#Nos40DoSegundoTempo

A minha mulher maravilha

Eu não gosto de acordar cedo, aliás nunca gostei, mas desde muito pequena me ensinaram “Deus ajuda quem cedo madruga”. Puta sacanagem esse ensinamento (ops, Senhor, desculpa o palavrão aí), imaginem só, mulheres como eu, apaixonadas pela noite, condicionadas a acharem a manhã “o” certo. Além disso, como forma de “castigo” por não conseguirmos acordar cedo (junto do galo cantando), ainda estamos predestinadas a ficar sem a ajuda de Deus.

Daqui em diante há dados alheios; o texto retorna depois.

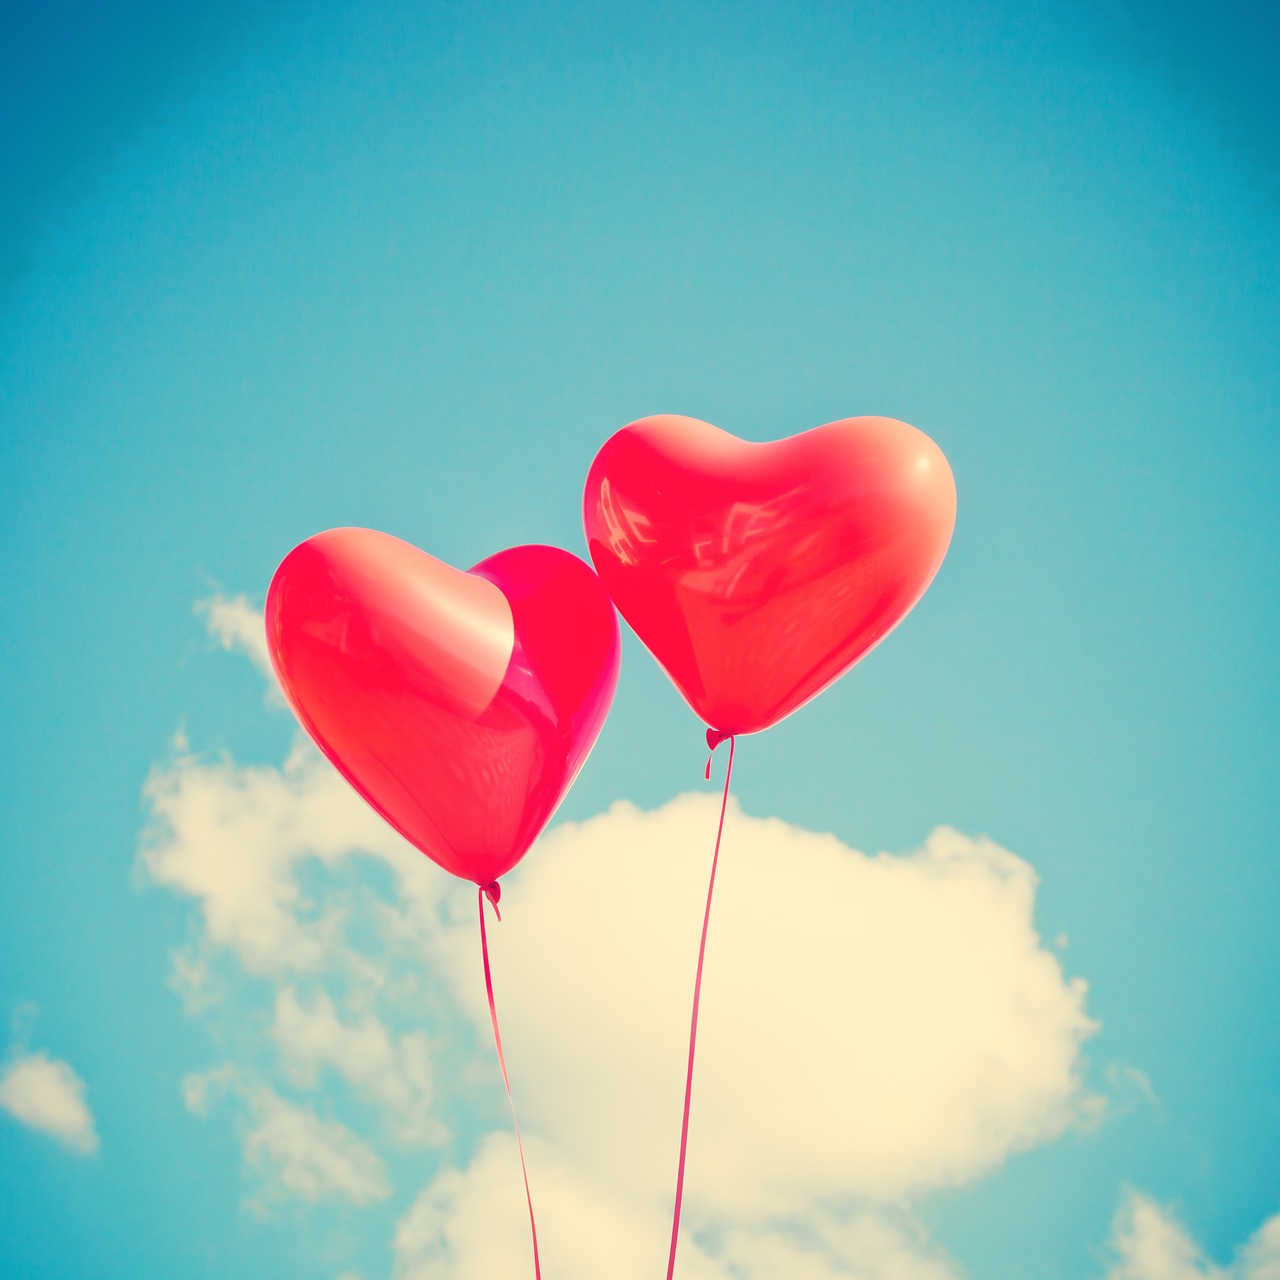 Two heart-shaped balloons.

Por isso, obrigatoriamente, eu pulo da cama com aquela vontade enorme de ir pra academia e fazer a aula de corrida da professora Bruna às 6:00 horas da manhã (contém ironia), desista – isso, definitivamente só seria possível se eu tivesse ainda dormindo – ou seja, eu ainda estaria na cama sonhando e, isso não vai acontecer. Simplesmente, eu prefiro a noite, não gosto de fazer ginástica cedinho.

Notívagas, uni-vos!! chega dessa ditadura de que o dia foi feita só para trabalhar e, a noite só para gandaiar. Eu sou infinitamente mais criativa e produtiva durante ela (ou pelo menos, depois do meio-dia). Escrever nunca foi tão fácil e prazeroso, com a escuridão da noite.

Começa por aí a “minha” cobrança sobre a “minha” mulher maravilha (apesar de dormir tarde), eu ainda me obrigo a continuar acordando muito cedo, caso contrário, vocês já sabem, né?! fico sem a ajuda do Senhor ou me sinto em falta com as minhas obrigações.

Mas, afinal, aonde se encaixa a questão da mulher maravilha?! aquela que é maravilhosamente maravilha “E” perfeita?!

Começo o dia já em dívida comigo mesma. Não sinto o mesmo mérito quando pela manhã, não “cumpro” com as regras da mulher maravilha. Acordar cedo e produzir loucamente.

Porém, todavia, contudo…

Finalmente, tomei a decisão de mudar alguns dos meus horários matinais e, principalmente foi com o horário da academia que, eu tive um divisor de águas. A mudança nem foi TÃO radical, apenas atrasei as minhas aulas para às 10:00 horas (uma hora pra frente). Uma pequena adaptação e um grande alívio pra mim.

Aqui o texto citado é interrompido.